Raul Geller ראול גלר

Personal information
- Date of birth: 23 January 1936 (age 90)
- Place of birth: Quillabamba, Peru
- Position: Forward

Youth career
- Deportivo Municipal

Senior career*
- Years: Team / Apps / (Gls)
- 1956–1957: Deportivo Municipal
- 1960–1964: Porvenir Miraflores
- 1965–1969: Beitar Jerusalem

International career
- 1964: Peru

= Raul Geller =

Peruvian-Israeli footballer (born 1936)

Dr. Raul Geller (ראול גלר; born 23 January 1936) is a Peruvian-Israeli former professional footballer, who played as a forward, and an orthopaedic surgeon. In Peru he played for Deportivo Municipal, Porvenir Miraflores, and the Peru national football team. In Israel, he is the third-leading scorer of all time of Beitar Jerusalem. His 0.64 goals per game ranks first. He also competed in soccer in the 1969 Maccabiah Games. In 2013, Geller was ranked #161 in the world in 75+ tennis by the International Tennis Federation.

==Early life==

Geller was born in Quillabamba, Peru. His father Marcus (Mordechai) played football in Poland, and fled it before the Holocaust to Peru. Geller as a child was a member of the youth movements Beitar and HaNoar HaTzioni. When he was 13, he and his family moved to Lima, Peru.

==Career==

Geller was a midfielder in football. He played in Peru for Deportivo Municipal (1956–1959), Porvenir Miraflores (1960–1964), and for the Peru national football team at the 1964 Copa América.

He emigrated to Israel in January 1965. Geller played football in Israel for Beitar Jerusalem (1965–1970; scoring 41 goals in 1966–67 and helping the club gain promotion to the Israeli top division). In 1971 he returned to the club for half a season. He is the third -leading scorer of all time of Beitar Jerusalem. His 0.64 goals per game ranks first.

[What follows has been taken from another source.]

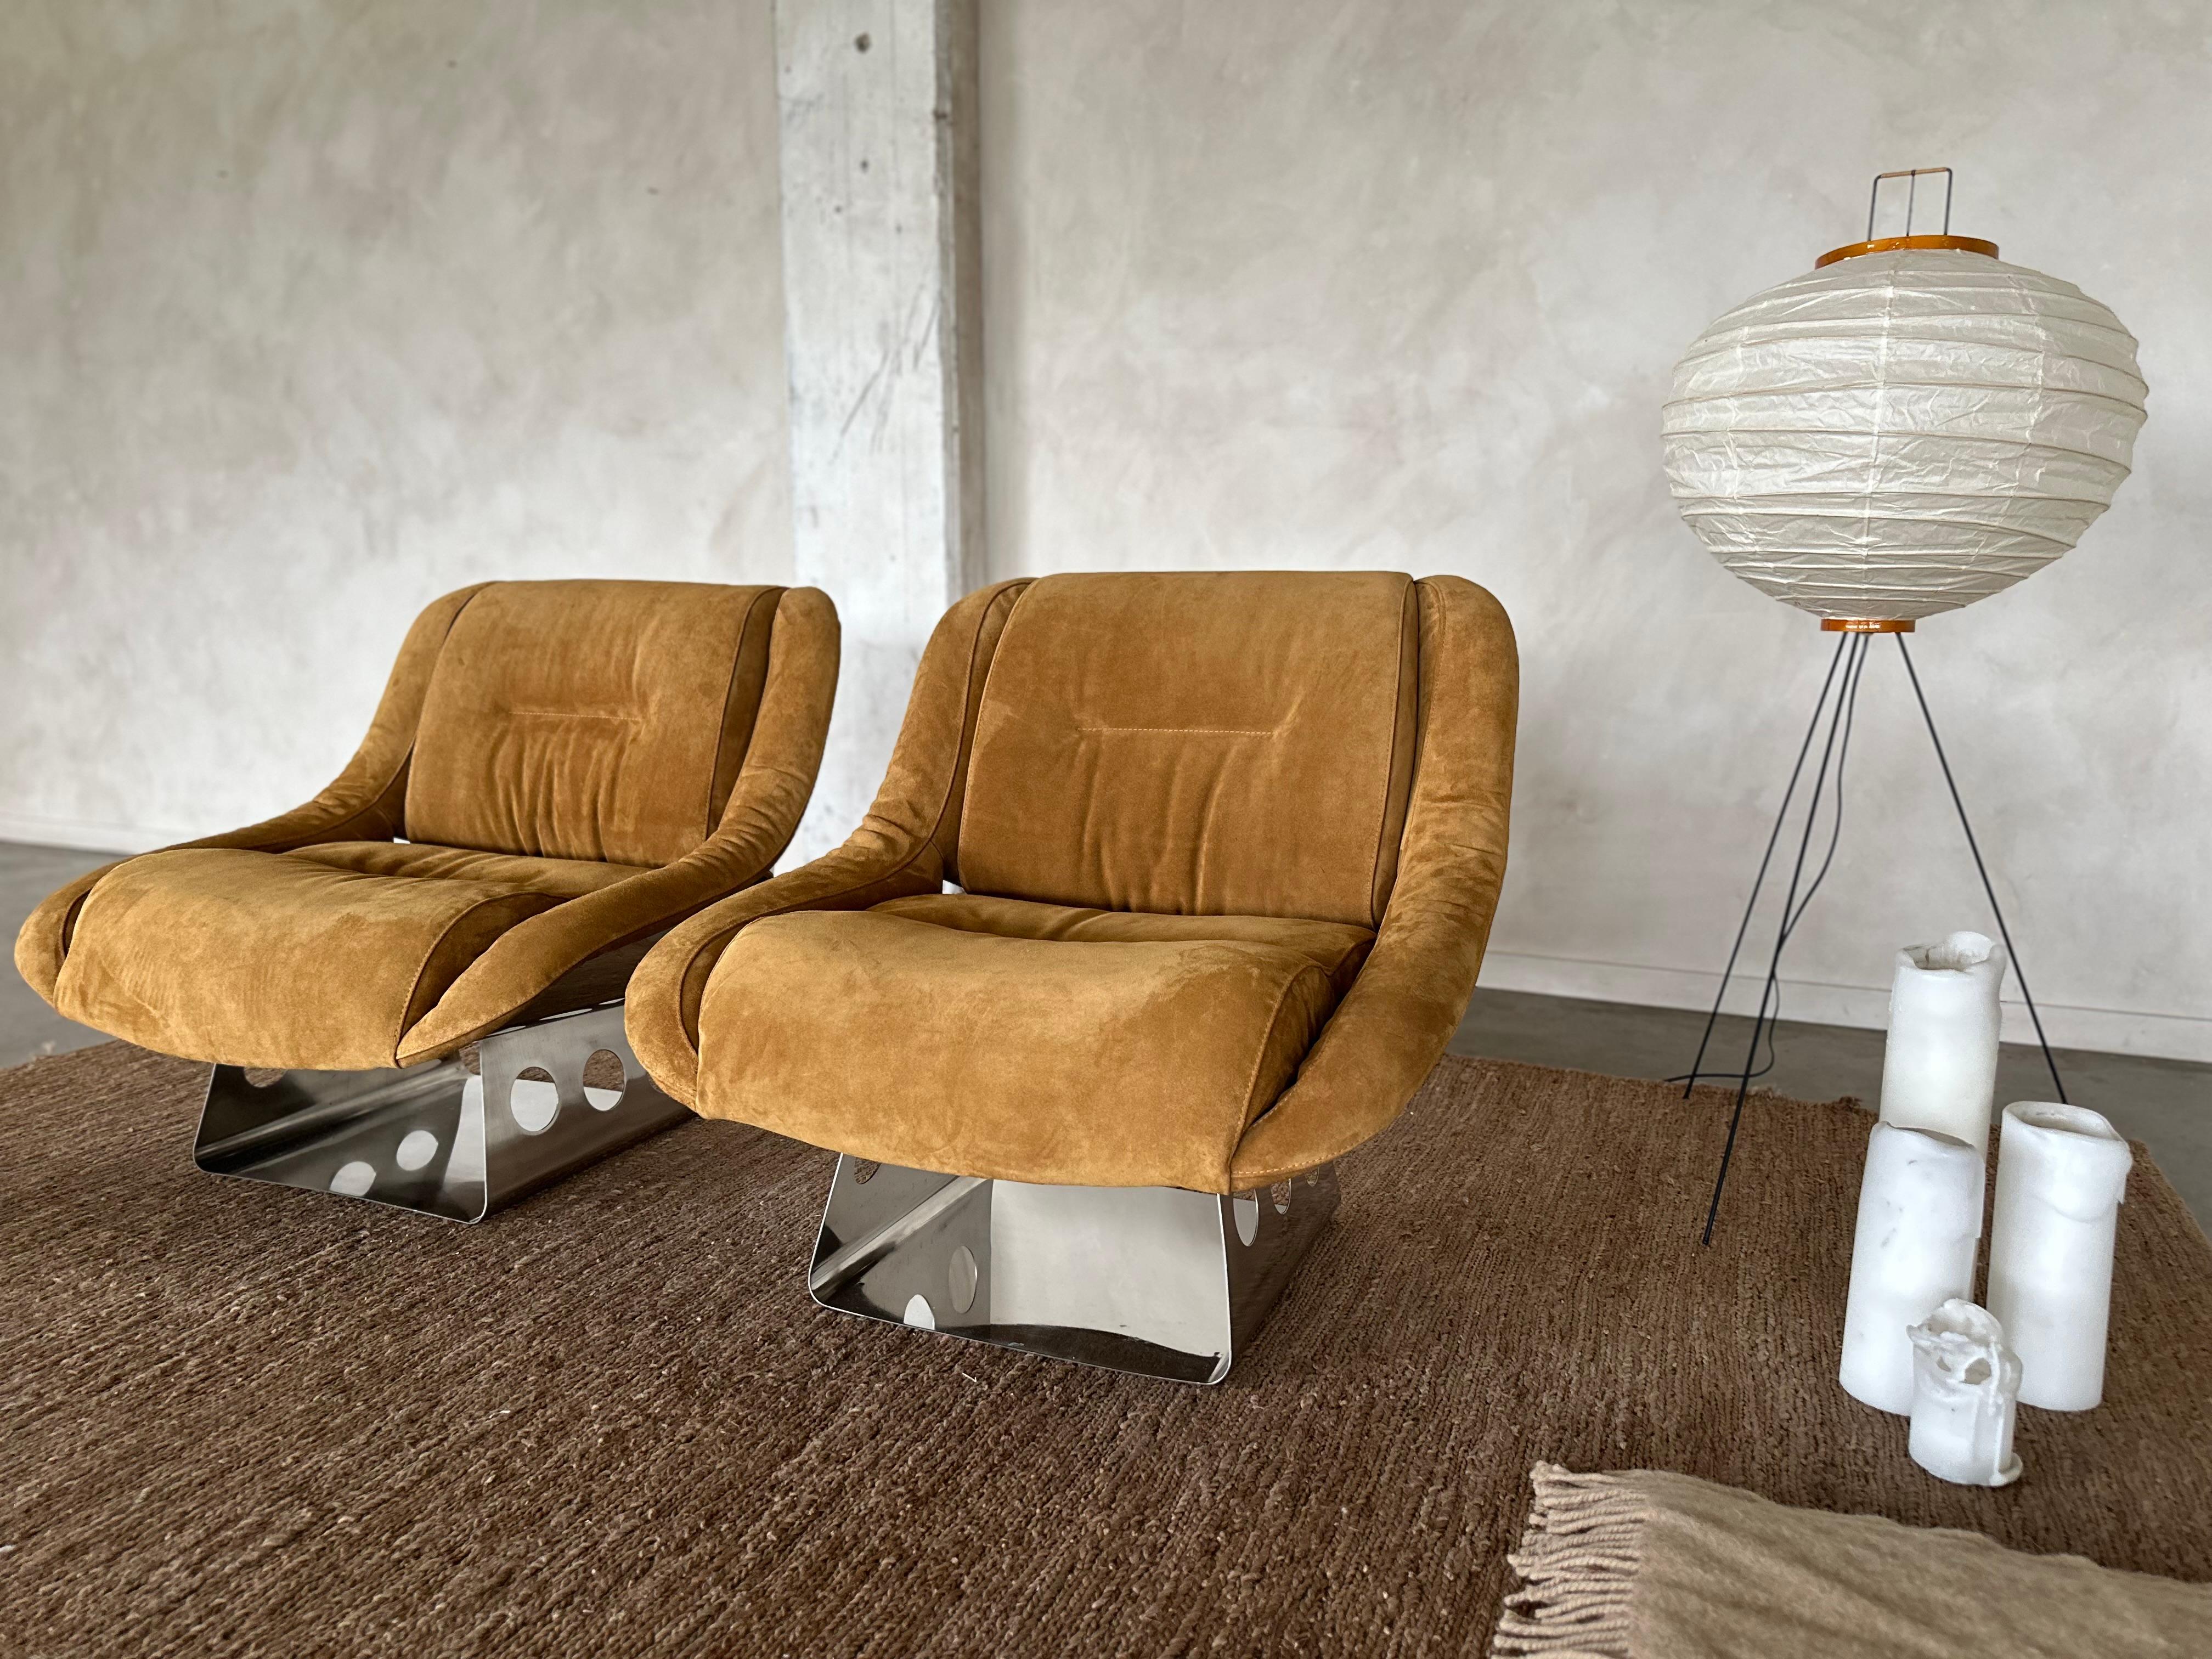 Rare Suede and Stainless Steel Lounge Chairs by Rima Padova, 1974 For Sale 8

Geller competed in the 1969 Maccabiah Games. He played football at the 1969 Maccabiah Games for Peru, which came in 8th.

Geller worked as an orthopaedic surgeon at Hadassah Ein Kerem, specialising in sports injuries.

In 2013, Geller was ranked #161 in the world in 75+ tennis by the International Tennis Federation.